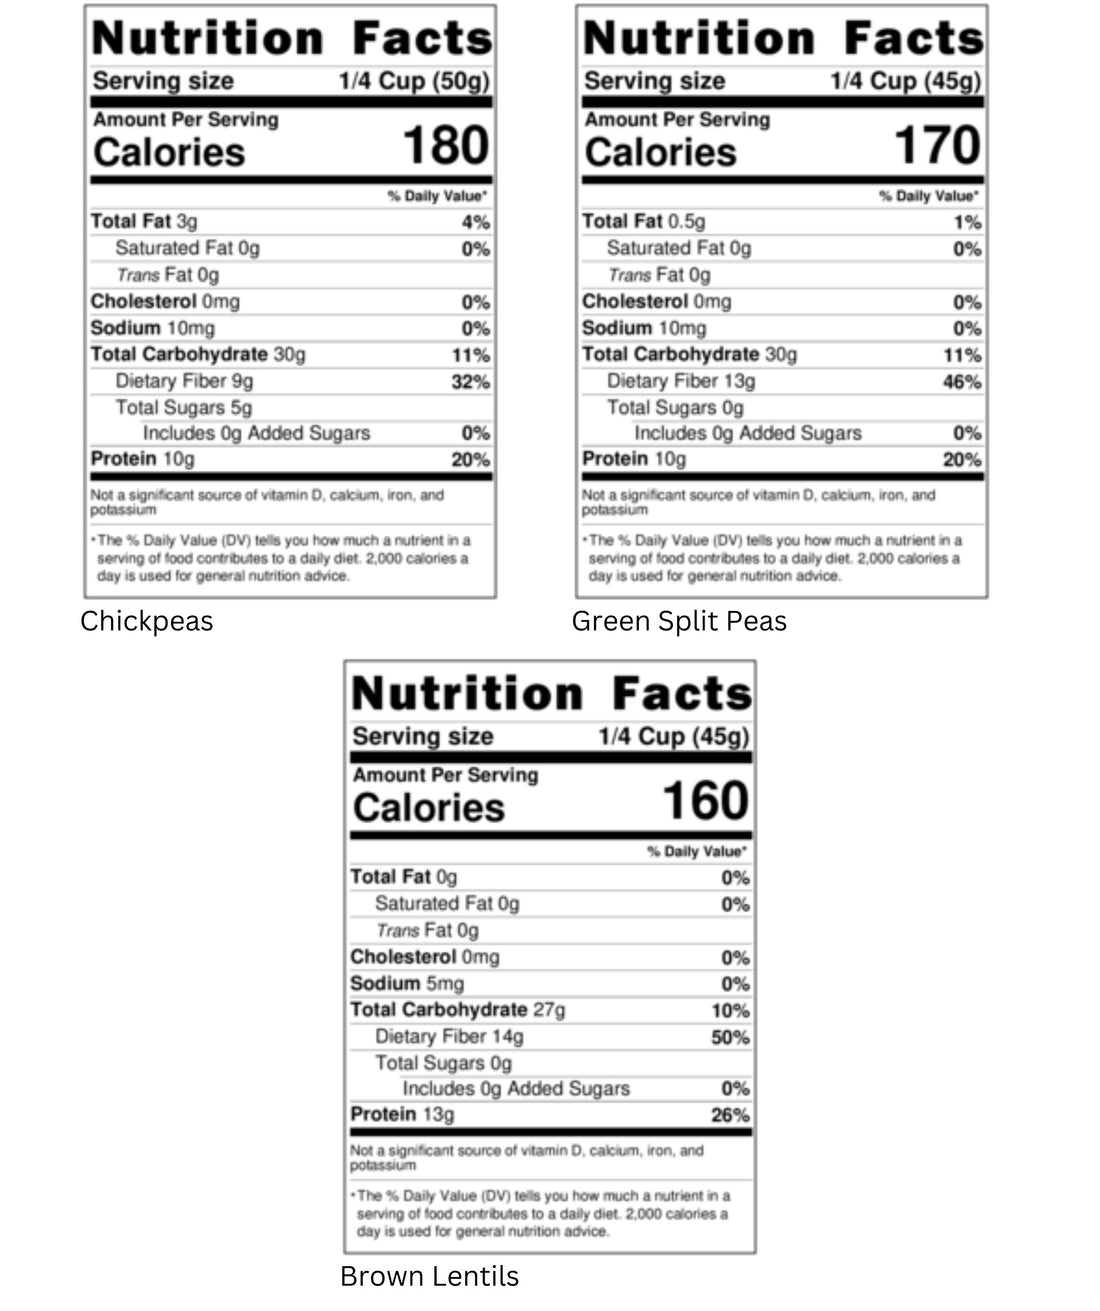 Nutrition Facts for Washington State Grown Chickpeas, Green Split Peas, and Brown Lentils
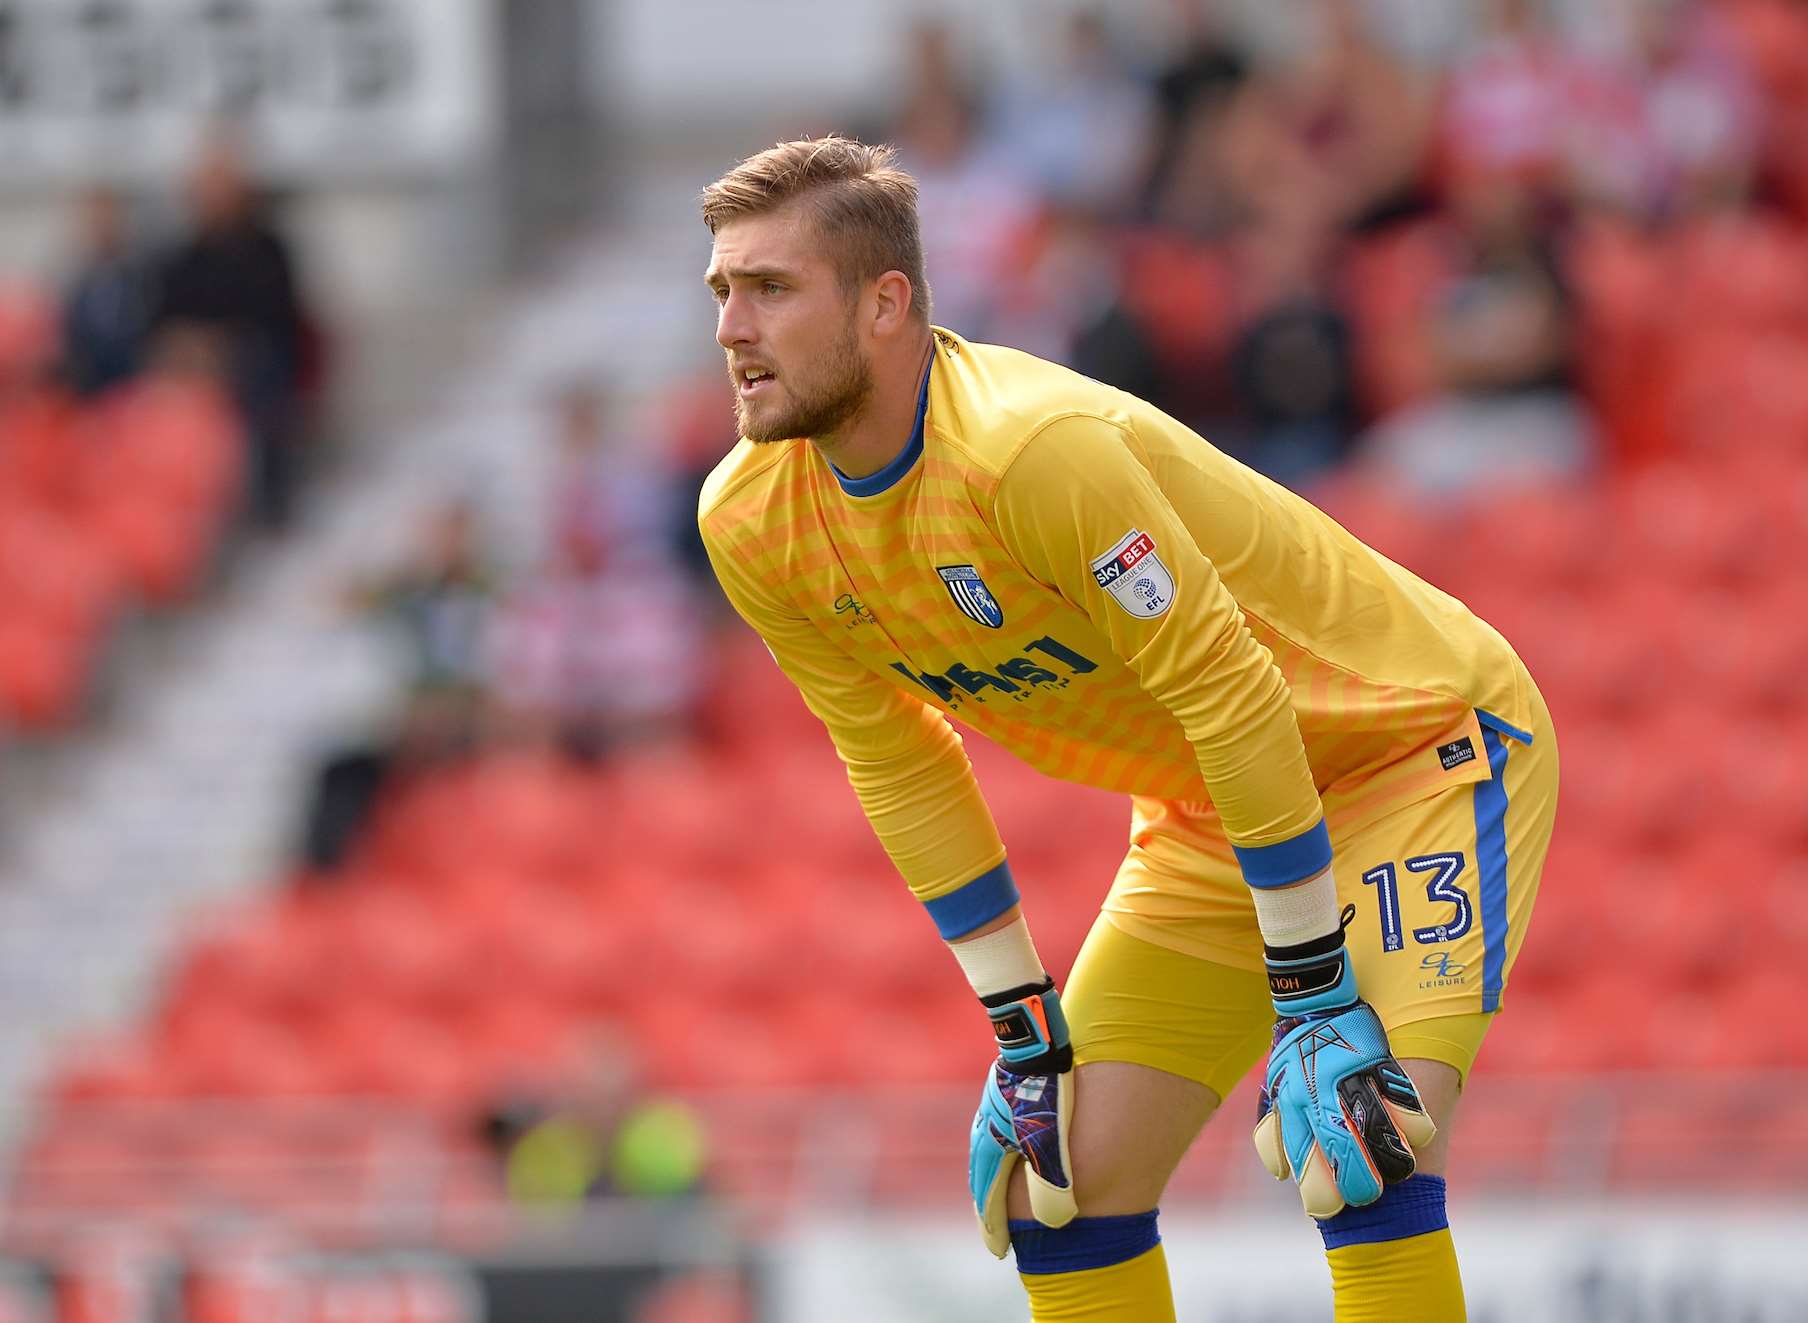 Tomas Holy kept a clean sheet for Gillingham at Doncaster Picture: Ady Kerry
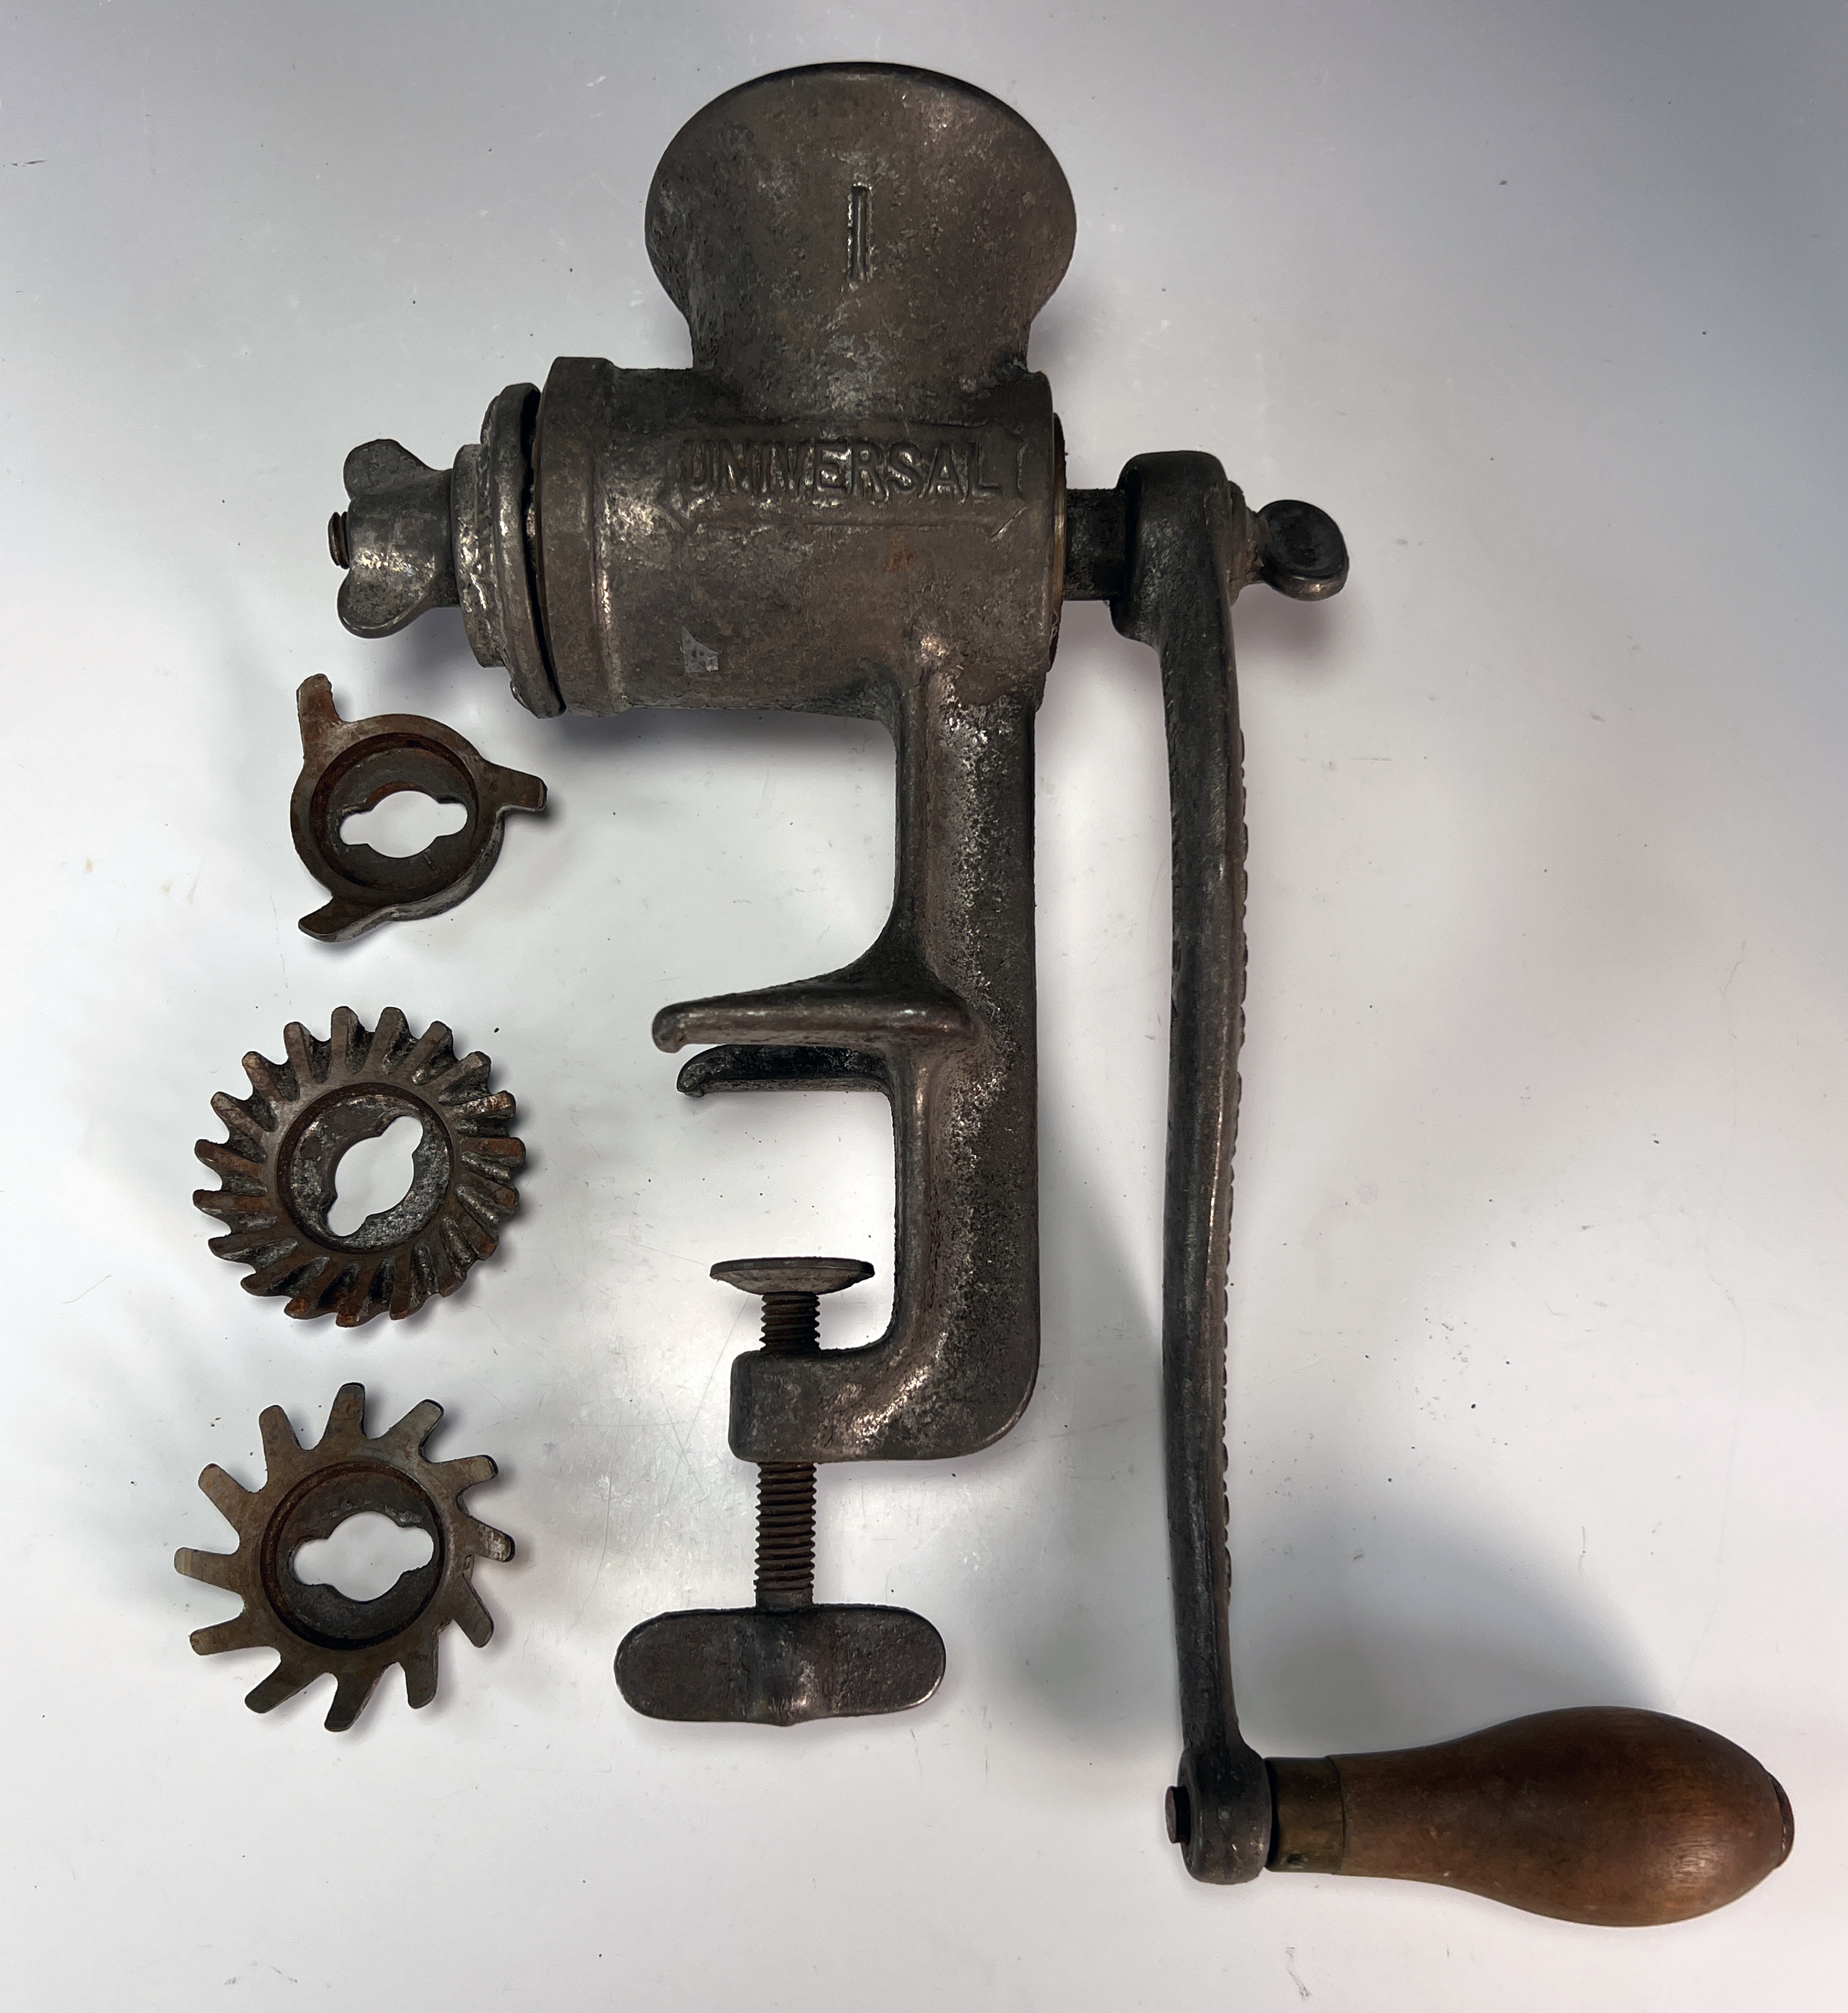 Vintage Universal No. 1 Food Meat Grinder Hand Crank Table Mount Made In USA

→ **What this task involves**: I would like the material repeated in full and exactly, with its images omitted.

→ **Solution to this exercise**:
 Nutrition Facts for Washington State Grown Chickpeas, Green Split Peas, and Brown Lentils
 Tomas Holy kept a clean sheet for Gillingham at Doncaster Picture: Ady Kerry
 Vintage Universal No. 1 Food Meat Grinder Hand Crank Table Mount Made In USA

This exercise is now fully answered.